= Beginning of Section =
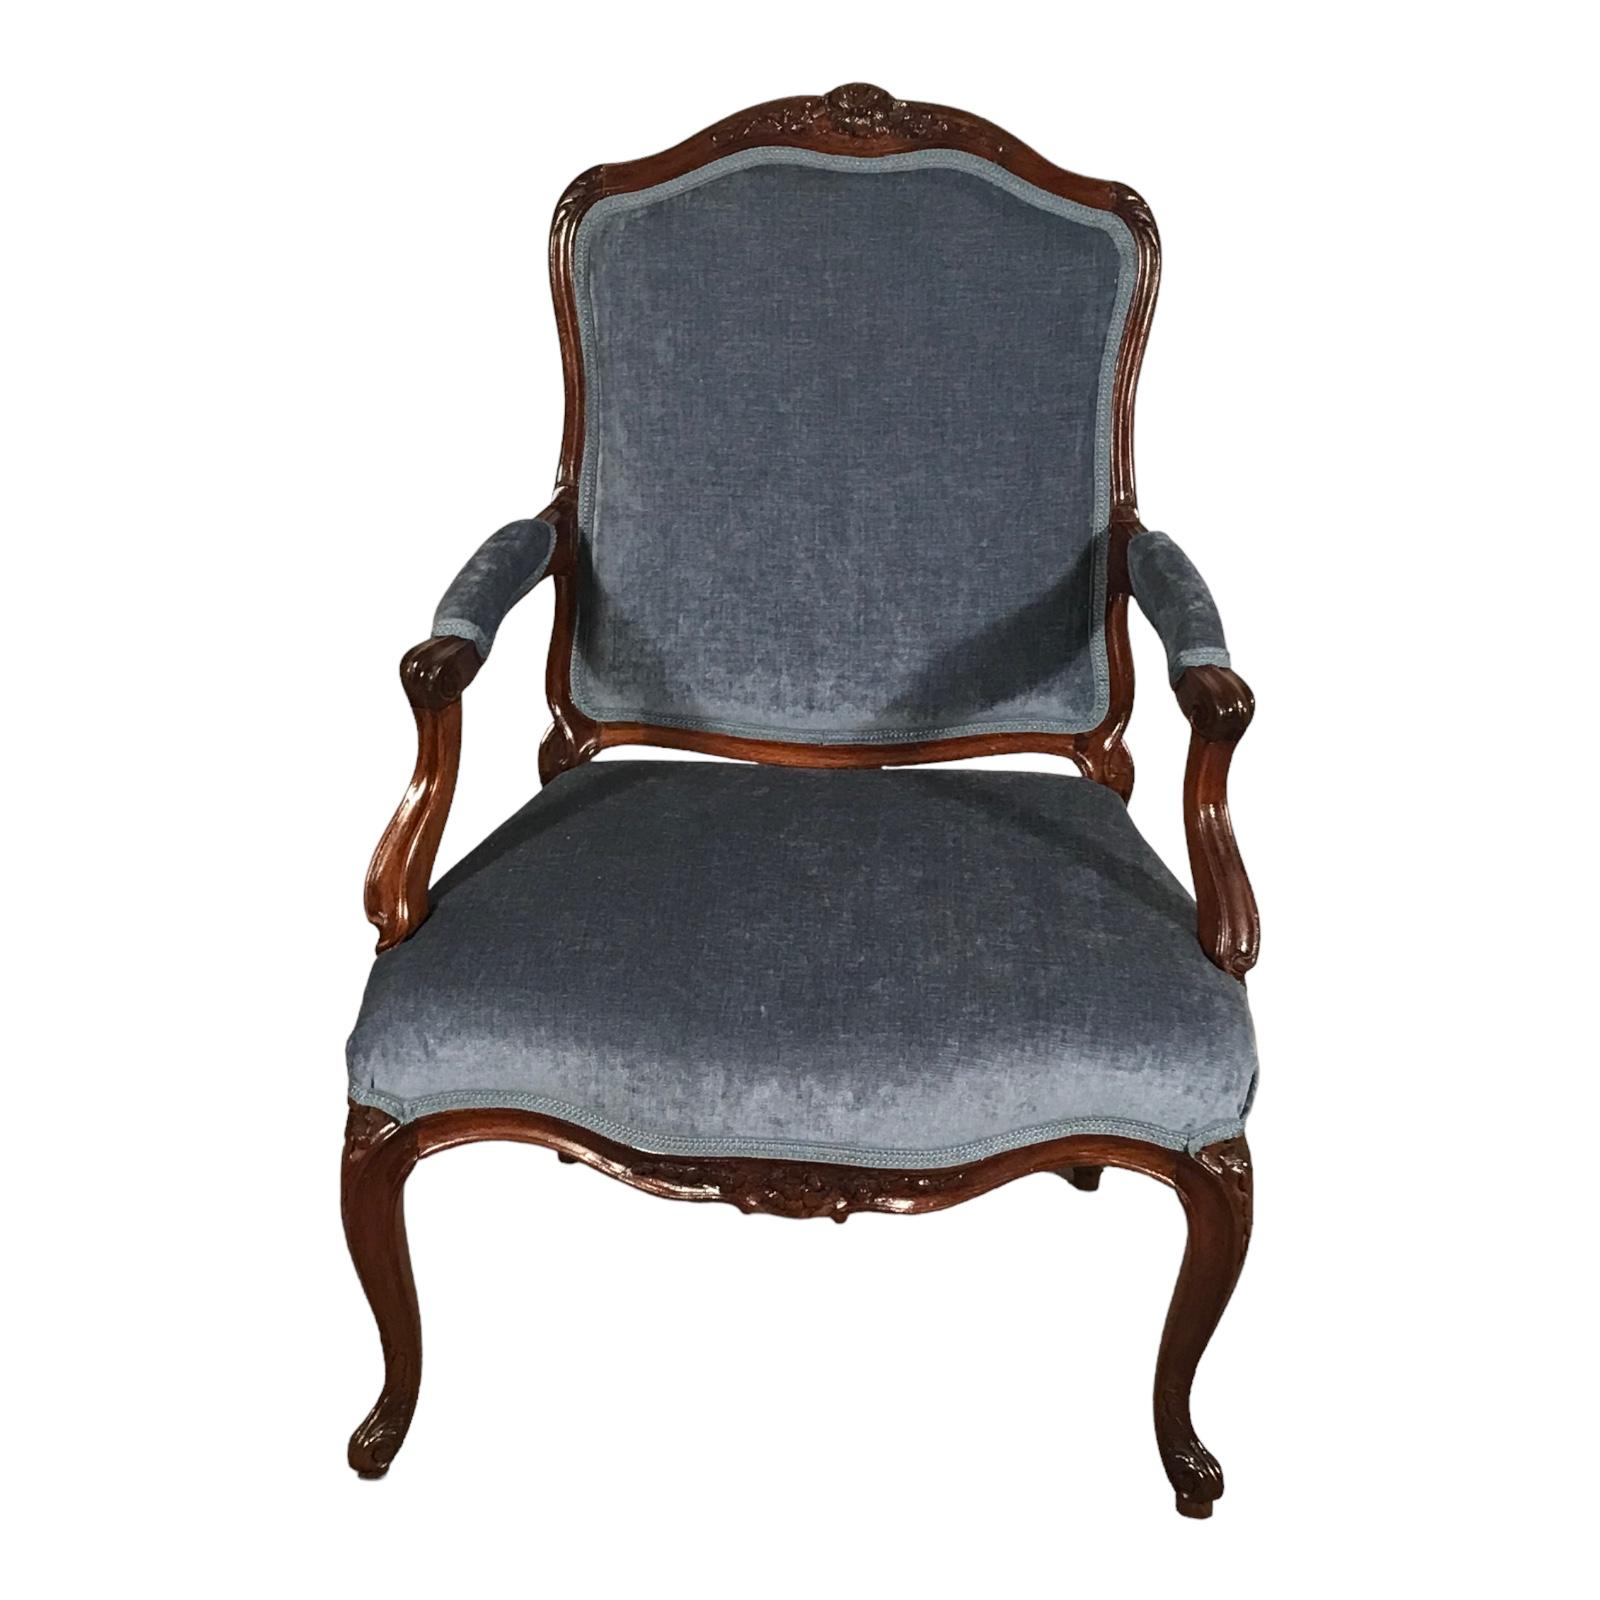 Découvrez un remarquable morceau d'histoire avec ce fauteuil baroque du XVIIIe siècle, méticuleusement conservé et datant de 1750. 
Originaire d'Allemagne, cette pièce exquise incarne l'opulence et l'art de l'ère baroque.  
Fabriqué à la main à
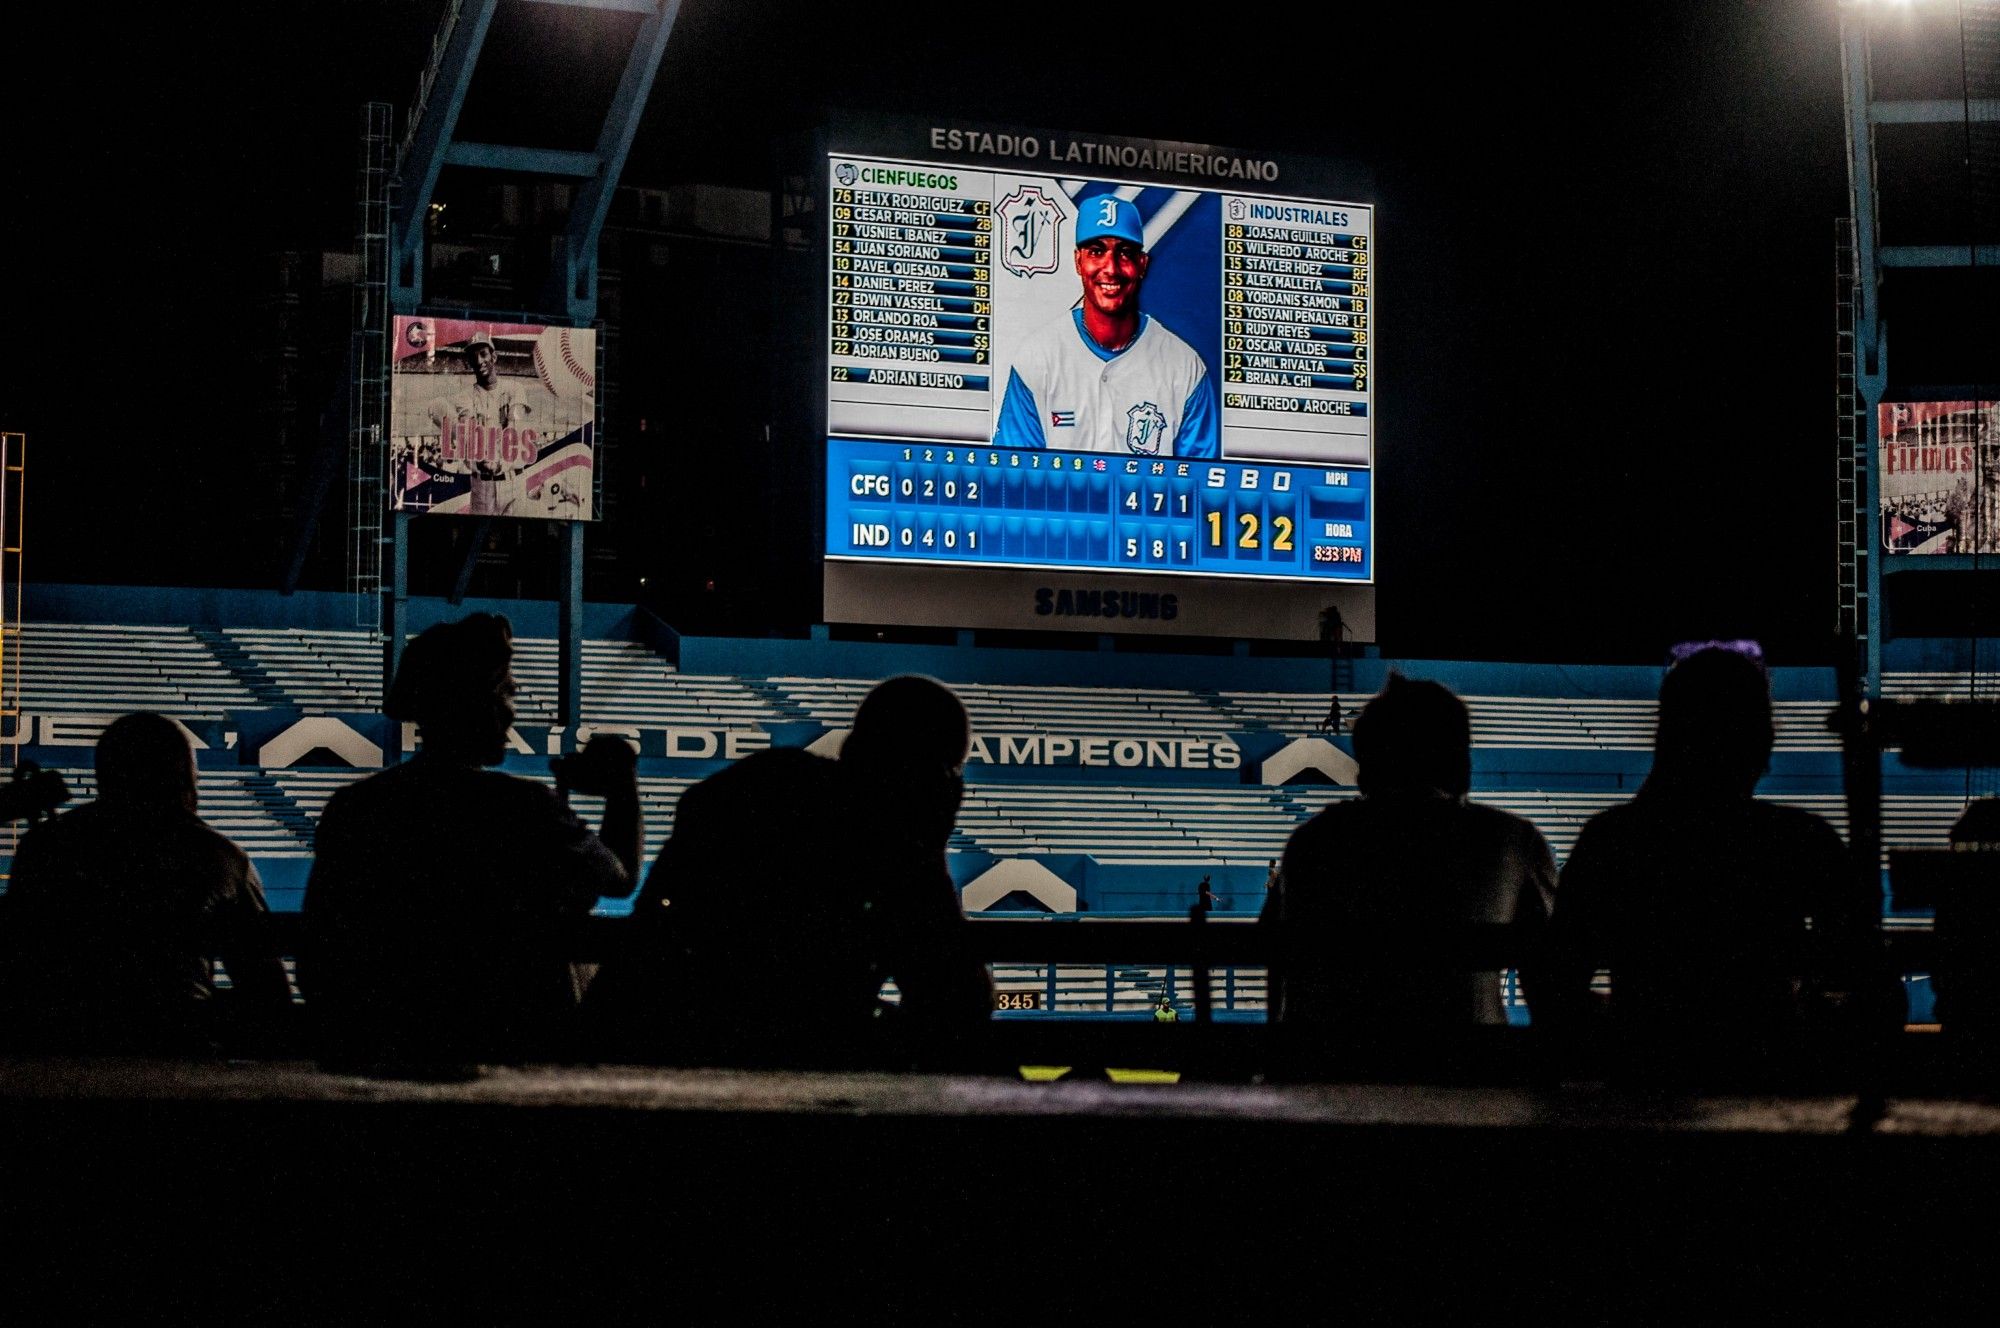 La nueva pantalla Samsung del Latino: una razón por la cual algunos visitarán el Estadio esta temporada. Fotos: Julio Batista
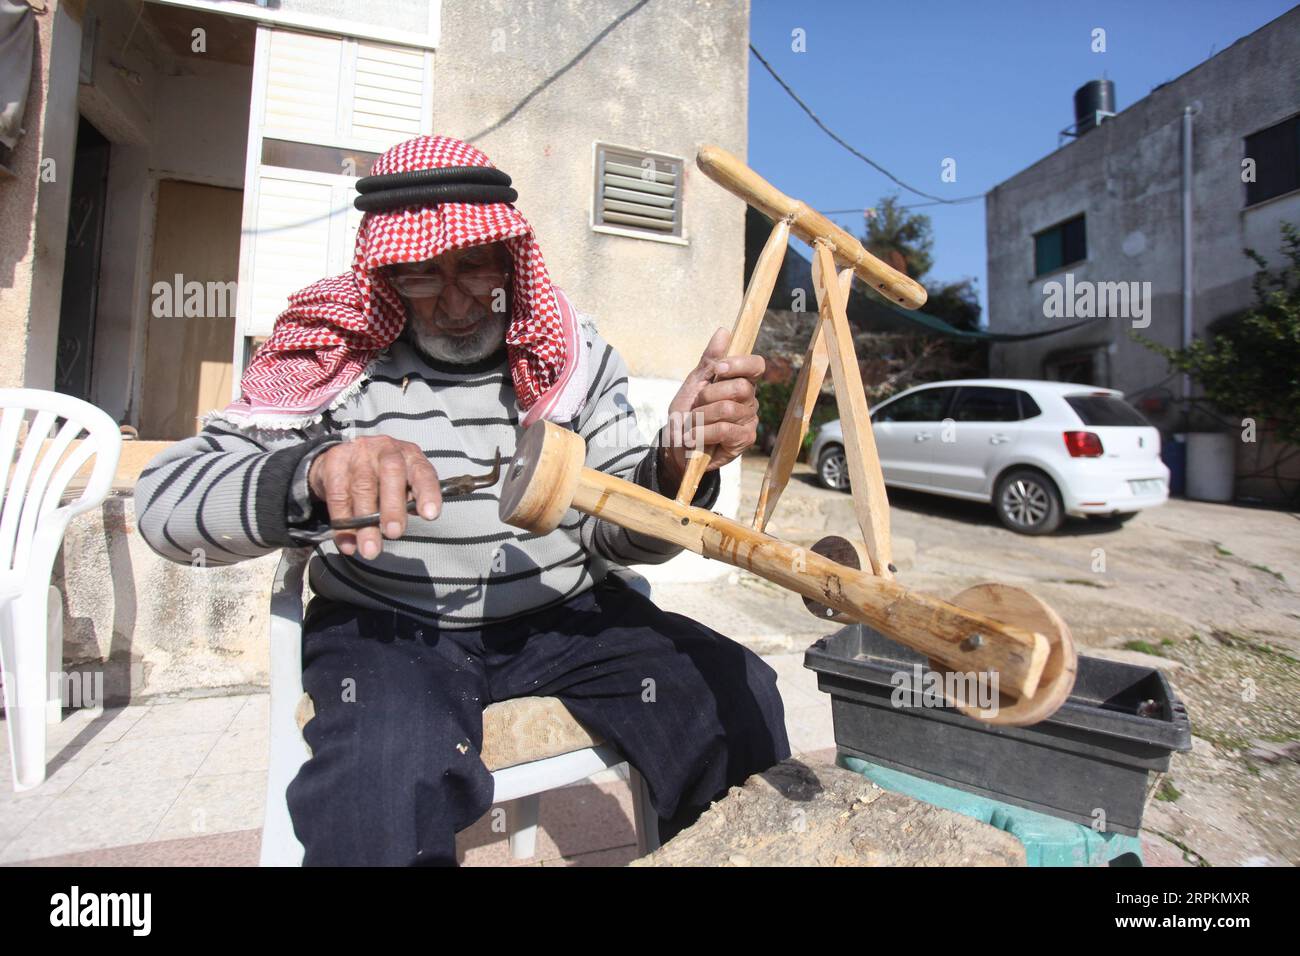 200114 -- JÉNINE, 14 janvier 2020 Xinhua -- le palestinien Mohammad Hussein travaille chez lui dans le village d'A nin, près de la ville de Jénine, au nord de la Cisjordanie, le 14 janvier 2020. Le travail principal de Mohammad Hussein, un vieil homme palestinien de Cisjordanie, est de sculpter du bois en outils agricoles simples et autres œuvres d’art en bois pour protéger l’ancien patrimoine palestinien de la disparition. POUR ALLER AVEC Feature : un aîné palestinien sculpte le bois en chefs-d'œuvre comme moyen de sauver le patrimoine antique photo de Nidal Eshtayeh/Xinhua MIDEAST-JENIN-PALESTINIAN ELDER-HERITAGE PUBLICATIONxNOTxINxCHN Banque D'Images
= End of Section =
Instructions for the task.
Print exactly the lines from the first line of the records above through the line containing "La nueva pantalla", both included, and leave the pictures out.

Written answer.
 Découvrez un remarquable morceau d'histoire avec ce fauteuil baroque du XVIIIe siècle, méticuleusement conservé et datant de 1750. 
Originaire d'Allemagne, cette pièce exquise incarne l'opulence et l'art de l'ère baroque.  
Fabriqué à la main à
 La nueva pantalla Samsung del Latino: una razón por la cual algunos visitarán el Estadio esta temporada. Fotos: Julio Batista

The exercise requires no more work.